Interspecies Conservation of PC2-7B2 Interaction
To examine an interspecies functional conservation of the inhibitory LCT, both LCT1 and LCT2, as well as the control peptide, were tested on recombinant purified mouse PC2 and PC1/3 (14, 18). LCT2 inhibits mouse PC2 with an IC50 of 36 ± 3 µM, and the less active LCT1 inhibits mouse PC2 with an IC50 of 154 ± 4 µM), whereas mouse CT inhibits PC2 activity at 45 ± 3 nM. PC1/3 enzyme activity is not inhibited by either of these peptides (data not shown). Thus, the LCT1 and LCT2 peptides inhibit LPC2 at low micromolar and nanomolar concentrations, respectively, whereas they inhibit mouse PC2 only at higher concentrations. This is likely due to sequence divergence and reflects the evolutionary distance between vertebrates and invertebrates (~600 million years). So the region that resembles the carboxyl terminus of vertebrate 7B2 most (i.e. LCT1) has the least potency with respect to the inhibition of (L)PC2 activity. This finding demonstrates that carboxyl-terminal regions of L7B2 with quite different amino acid sequences are able to inhibit the catalytic site of (L)PC2. Our results reveal that during evolution the inhibitory action of the CT domain on PC2 activity has been conserved from vertebrates to invertebrates.

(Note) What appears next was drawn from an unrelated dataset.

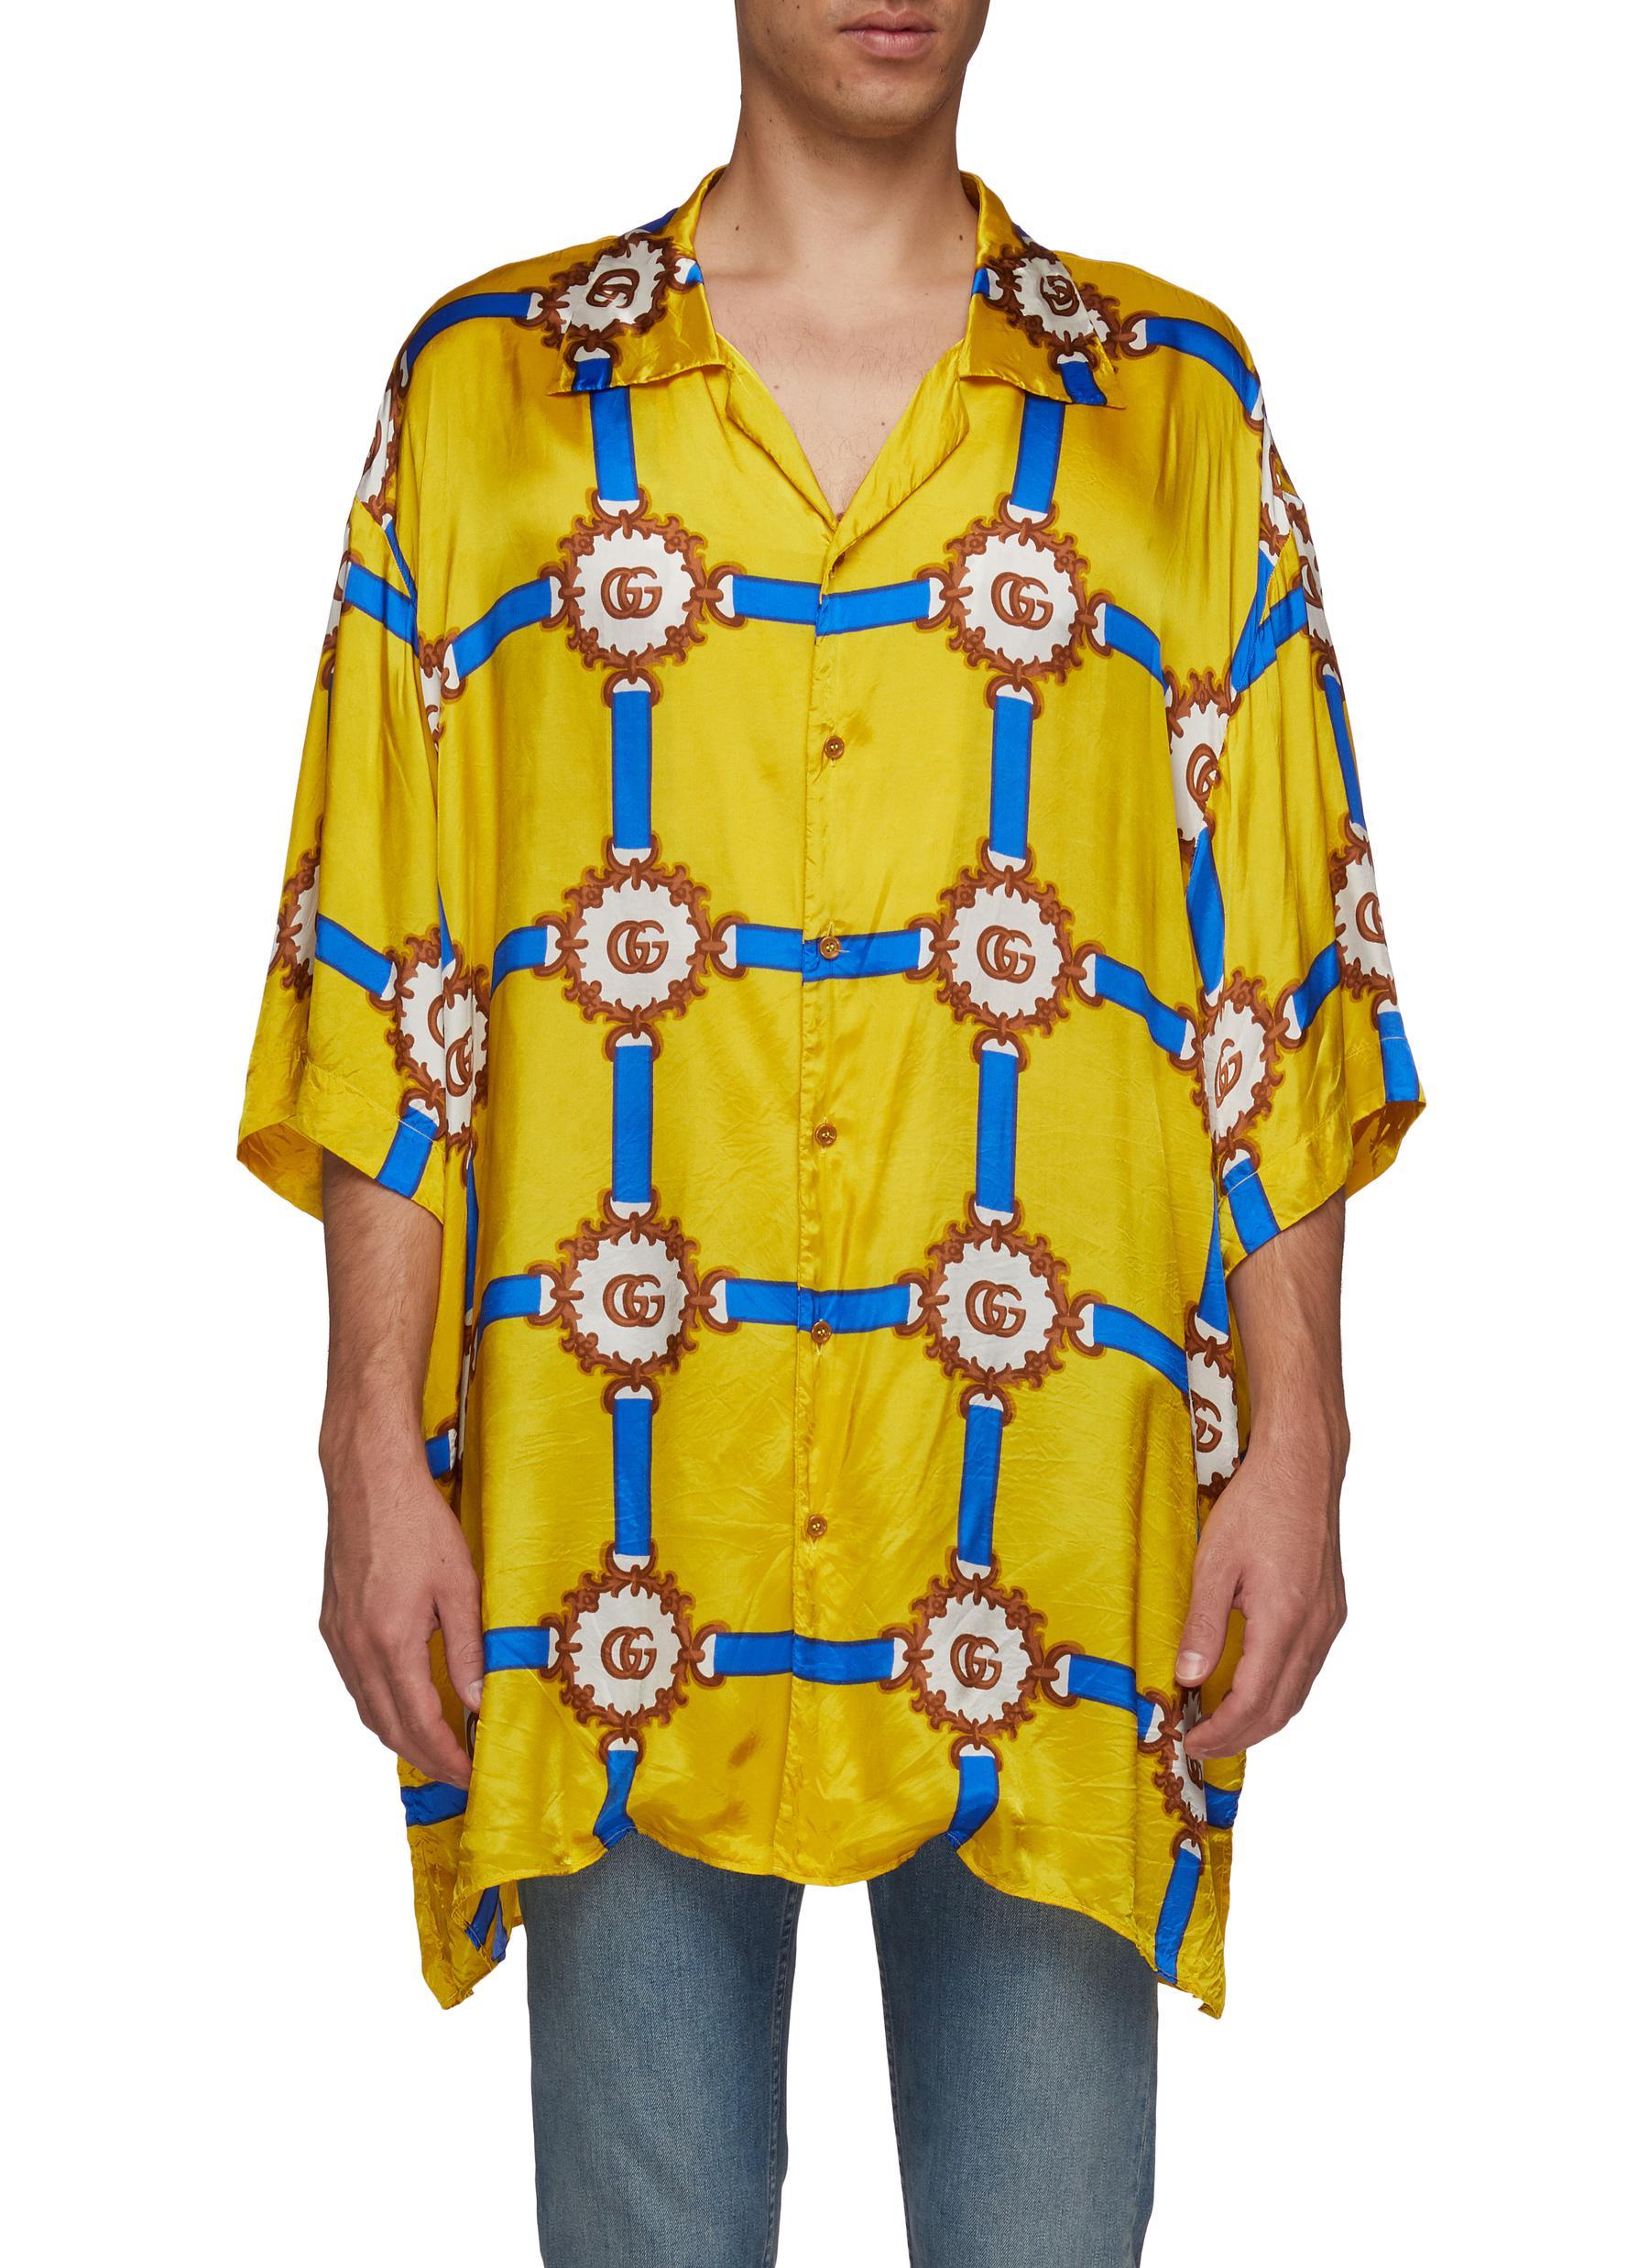 e1865dd1da4b GUCCI | GG logo harness print oversized bowling shirt | Men | Lane ...

The authors thank Dr. Iris Lindberg for performing the mouse PC2 and PC1/3 enzyme assays and Dr. Hilary Sharp-Baker for in situ hybridization and immunocytochemistry.
In a recent publication, Zhu et al. (24) suggest the importance of a proline-rich region in 7B2-PC2 interaction. Interestingly, all prolines in this region are conserved in L7B2.